Она над этим задумалась, будто над сложным примером из устной арифметики.
— Значит, у вас никогда не было девушки.
— Не было.
— А.
— Нет, я пытался, — пояснил он. — Но все, кто мне нравился, от меня отмахивались.
Она поглядела на него поверх стакана, на губах у нее белели усы пены, что, в общем и целом, ей шло.
— Правда?
Он пожал плечами:
— Это не так уж важно. Я просто хотел сказать, что лучше любить и потерять и так далее.
— Нет, не лучше.
— Не лучше? Ну, наверное, вы правы. Я лишь пытаюсь сказать, что не могу сказать, что знаю, как вам плохо, но думаю, что очень плохо, хотя, вероятно, вам мое сочувствие не нужно, поэтому мне лучше заткнуться. Вот, собственно, и все.
— Спасибо, — кивнула она. — Хотя, возможно, оно и к лучшему. Боюсь, я не слишком приятный человек.
"Вот это уж точно", — подумал он.
— Вы симпатичнее мистера Тэннера, — сказал он. — Я на него сегодня наткнулся в "Теско".
Она широко раскрыла глаза.
— В "Теско"?
— Вот и я то же самое подумал, — ответил он. — Хотя, с другой стороны, чего в этом странного? Ну... ведь даже распоследним гадам нужно иногда ходить за покупками.
Она нахмурилась:
— Я бы подумала, что он заставляет все покупать жену.
— И я тоже. Но выходит, что нет. У него был список, и он по ходу что-то в нем черкал.
Она почти улыбнулась.
— Он вас видел?
Пол кивнул:
— Я на него едва не наступил, и он со мной заговорил прежде, чем я успел сбежать ("Как мы с тобой только что"). Он посмеялся над моей пиццей.
— Вот гад.
— Так я и подумал. Она вздернула губу.
— Готова поспорить, его жена готовит по рецептам из телешоу Делии Смит. Или какие-нибудь модные блюда из полуфабрикатов, которые покупает в "Маркс энд Спенсере".
— Если уж на то пошло, они собирались ужинать фрикадельками. Он сам мне сказал.
— Фрикадельками?!
Пол кивнул.
— Это только доказывает, что в мире все-таки есть справедливость. Сорок с чем-то лет портишь всем вокруг жизнь, но рано или поздно тебя ждут фрикадельки. И поделом ему, на мой взгляд.

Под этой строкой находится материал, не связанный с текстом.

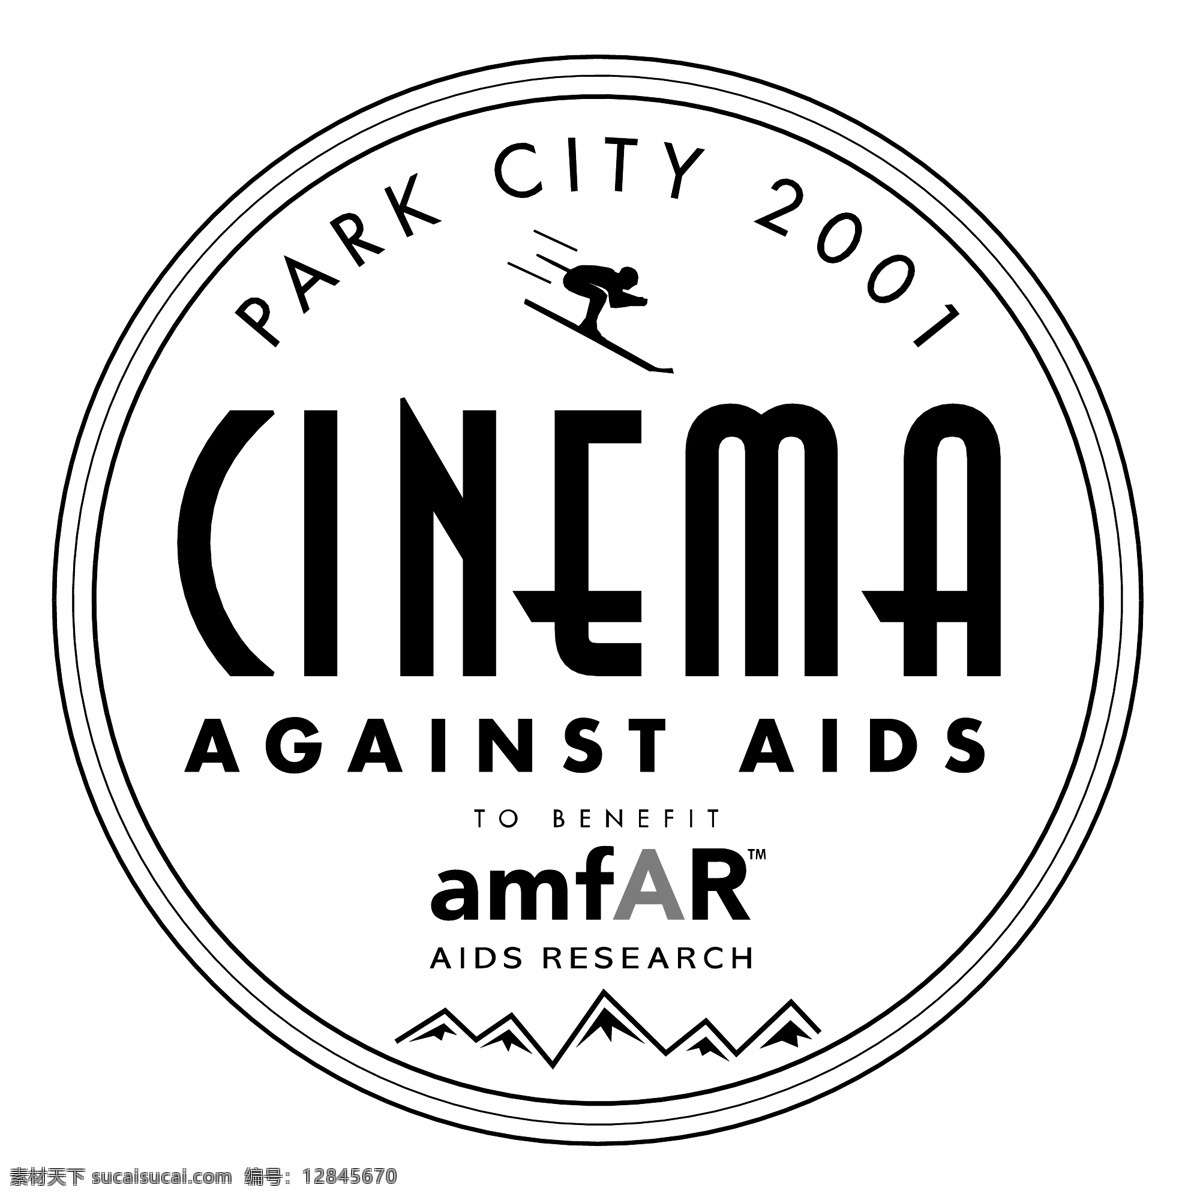 电影 对抗 艾滋病 54 标识 公司 免费 品牌 品牌标识 商标 矢量标志下载 免费矢量标识 矢量 psd源文件 logo设计

Слабая искра с кончика одного пальца на кончик другого, нет, даже не пламя, ничего, столь живого и яркого, как огонь, ничего такого зрелищного или явного. Но немного тепла сырым холодным вечером — никаких соловьев на Беркли-сквер, только приглушенный рев джаз-банда (одна половина которого как будто играла "Бал ставней в Темном городе", а конкурирующая фракция всеми фибрами души дудела "Алло, Центральная, дайте мне доктора Джаз", они проигрывали битву и, вероятно, это знали, но никто не мог бы обвинить их в том, что они сдались; а тем временем музыкальный автомат наяривал последние хиты в счастливом кибернетическом самозабвении). Странно, что столь шумное, неряшливое мгновение могло быть совершенным, но оно таким было, потому что на сей раз она улыбнулась: пусть это был только проблеск, краткий и диковинный — как падающая звезда.
— Мне, наверное, пора, — сказала она.
"Ох!" — подумал Пол, и совершенное Мгновение растаяло, словно снег под газовой горелкой.
— Что ж, — сказал он вслух, — хорошо, что мы встретились. И, честное слово, мне очень грустно...
Она пожала плечами.
— На самом деле это не так уж к плохо. — Тут она помедлила, и Пол почти увидел, как крутится колесо рулетки, как прыгает по нему маленький белый шарик. — Значит, до понедельника, — сказала она, и секунда в секунду из угла четко и ясно джаз-банд заиграл "Когда войдут маршем святые". Не в словах дело, а в том, как она их произнесла.
— Ладно, — приглушенным от благоговения голосом отозвался Пол. — До понедельника.
За дверьми паба он повернул направо, она — налево. Лил холодный дождь, и у него не хватало денег на автобус, но это не имело значения, как не имела значения и дыра в левом ботинке.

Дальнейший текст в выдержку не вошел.